Directions for this task:
Retype exactly the lines from the one that contains "001 FLEXON E1122 Glasses, Flexon" through the end of the listing, both included, but not the pictures.

Dataset content:
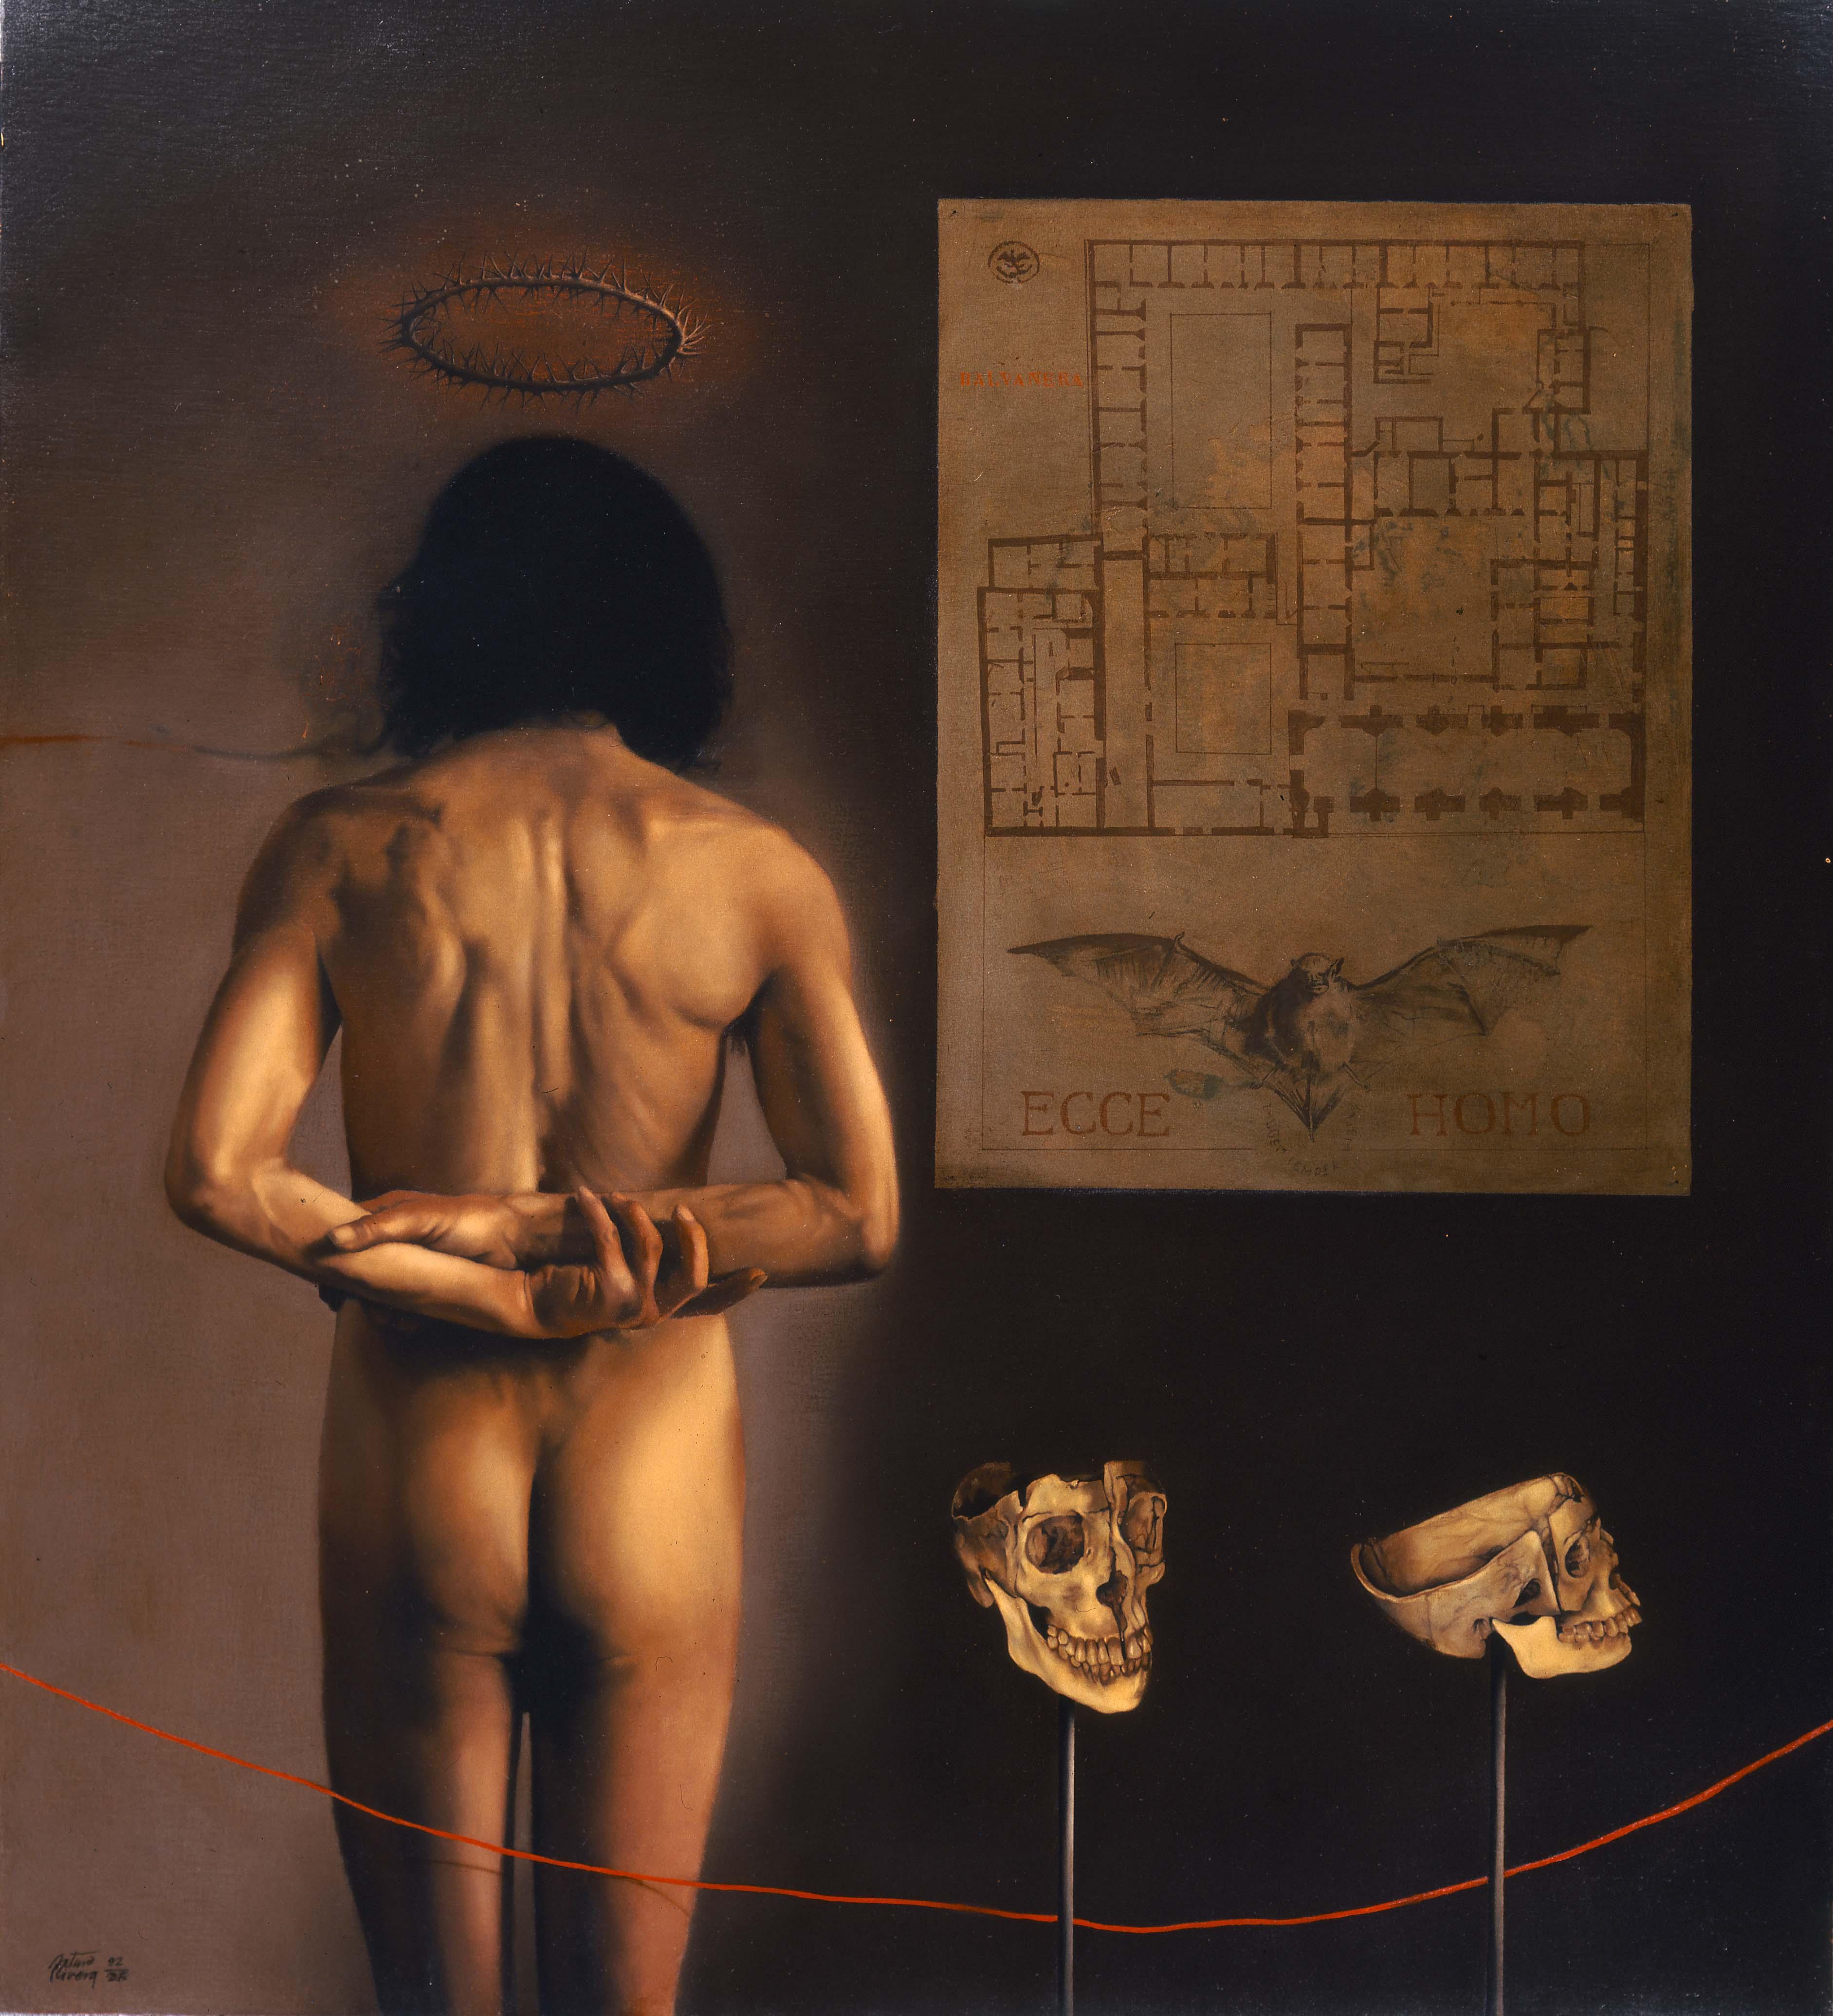 Ecce - Homo
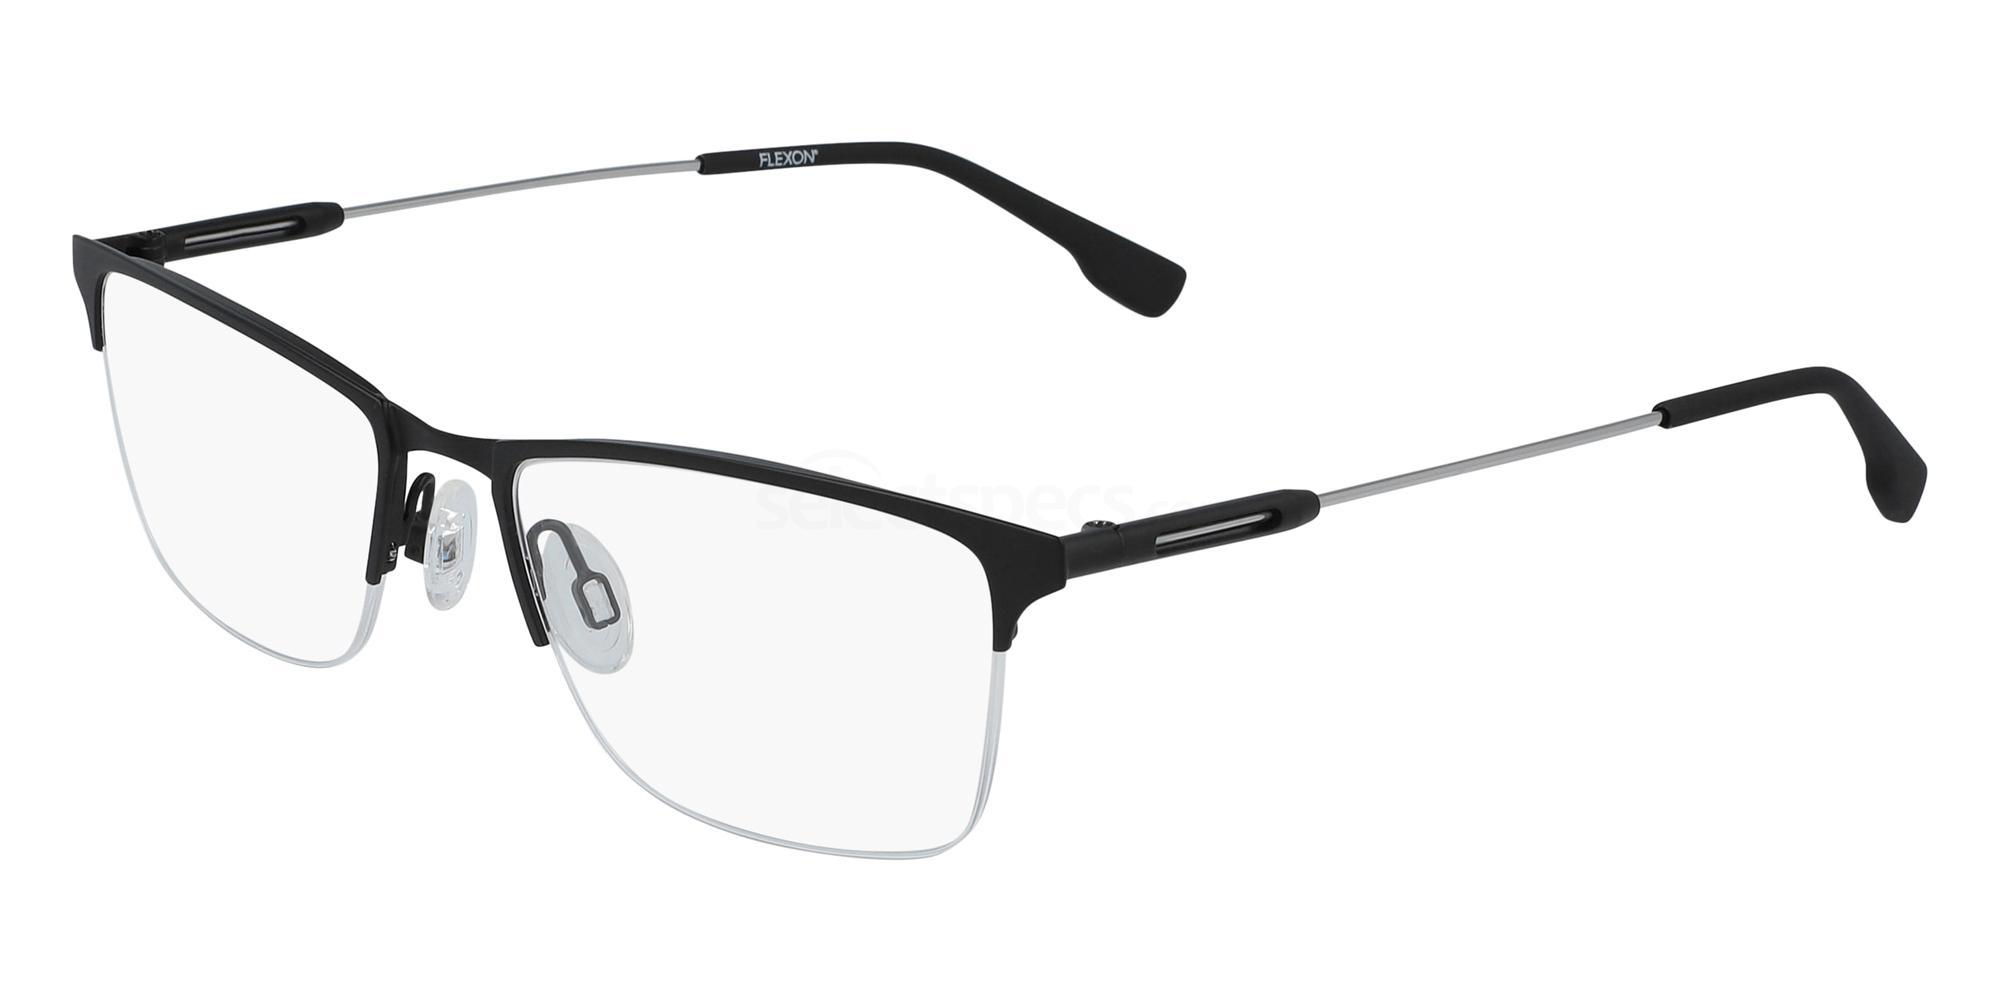 001 FLEXON E1122 Glasses, Flexon
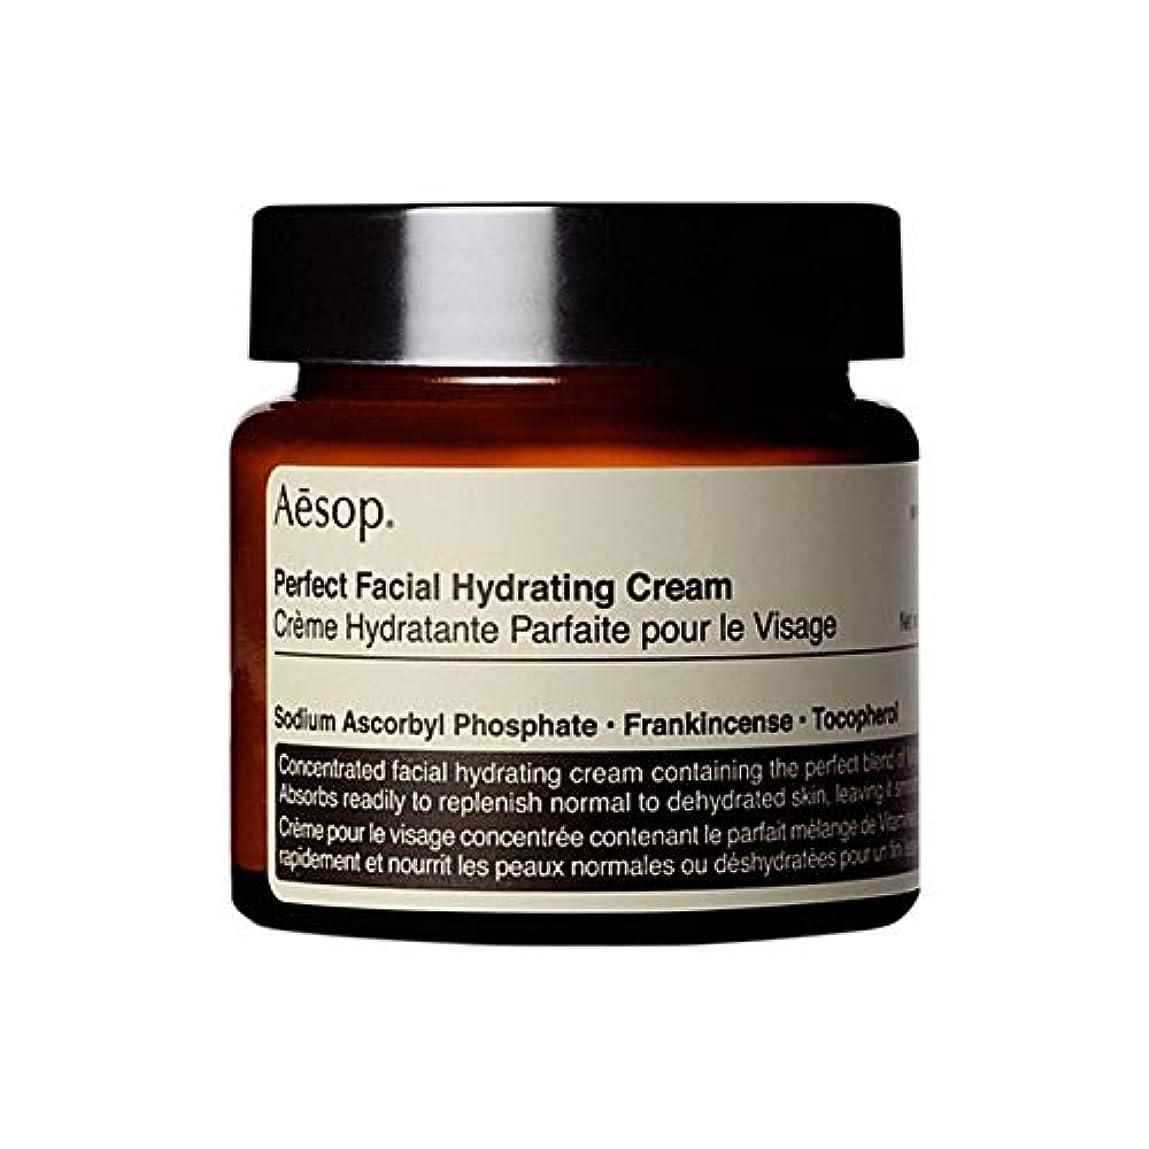 お客様罰履歴書[Aesop] イソップ完璧な顔の水和クリーム60ミリリットル - Aesop Perfect Facial Hydrating Cream 60ml [並行輸入品]

Written response:
 001 FLEXON E1122 Glasses, Flexon
 お客様罰履歴書[Aesop] イソップ完璧な顔の水和クリーム60ミリリットル - Aesop Perfect Facial Hydrating Cream 60ml [並行輸入品]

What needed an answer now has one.